The "M&M Boys" were the duo of New York Yankees baseball players Mickey Mantle and Roger Maris, who were teammates from 1960 to 1966. They gained prominence during the 1961 season, when Maris and Mantle, batting third and cleanup (fourth) in the Yankee lineup respectively, both challenged Babe Ruth's 34-year-old single-season record of 60 home runs. The home run lead would change hands between the two teammates numerous times throughout the summer and fueled intense scrutiny of the players by the press. Maris eventually broke the record when he hit his 61st home run on the final day of the season, while Mantle hit 54 before he was forced to pull out of the lineup in September because of an abscessed hip.

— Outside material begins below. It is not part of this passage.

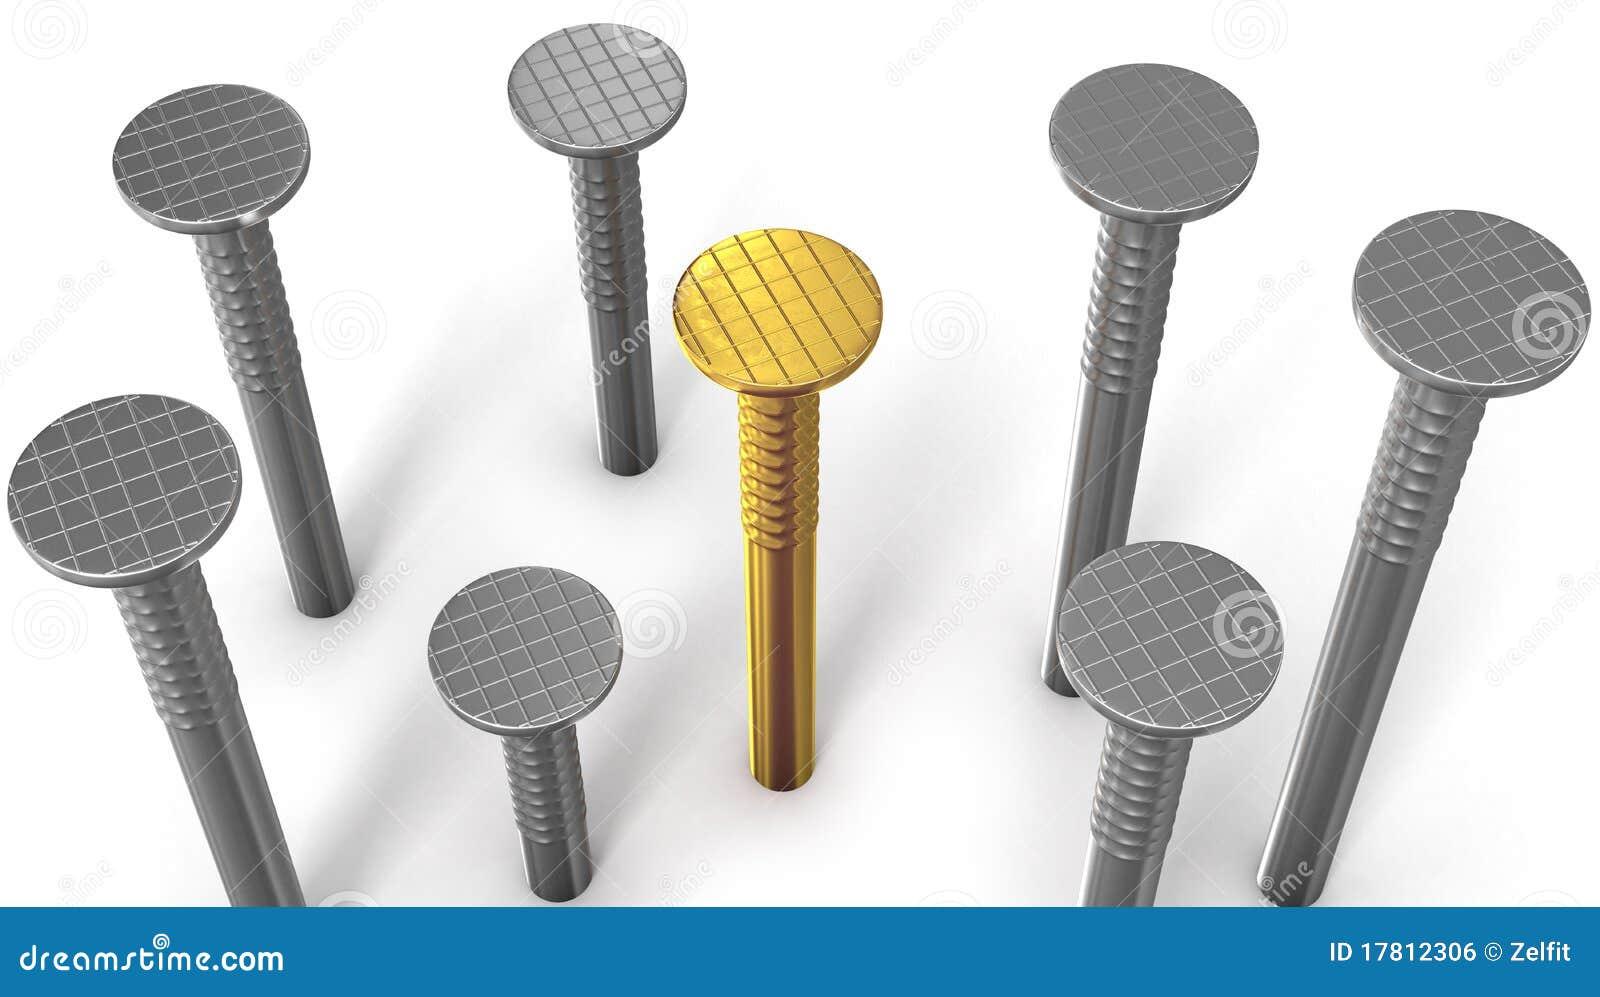 goldener nagel zwischen stahl eine getrennt auf wei lizenzfreies stockbild bild 17812306. Black Bedroom Furniture Sets. Home Design Ideas

Maris' record stood for 37 years until it was broken in by Mark McGwire, who later admitted to taking performance enhancing drugs during much of his career. Maris and Mantle still hold the single-season record for combined home runs by a pair of teammates, with 115.

==Beginnings==
Mickey Mantle joined the Yankees in 1951. Roger Maris joined the Yankees, becoming Mickey Mantle's teammate in , when the Kansas City Athletics traded Maris with Kent Hadley and Joe DeMaestri in exchange for Marv Throneberry, Norm Siebern, Hank Bauer, and Don Larsen. Mantle played center field, while Maris played right field.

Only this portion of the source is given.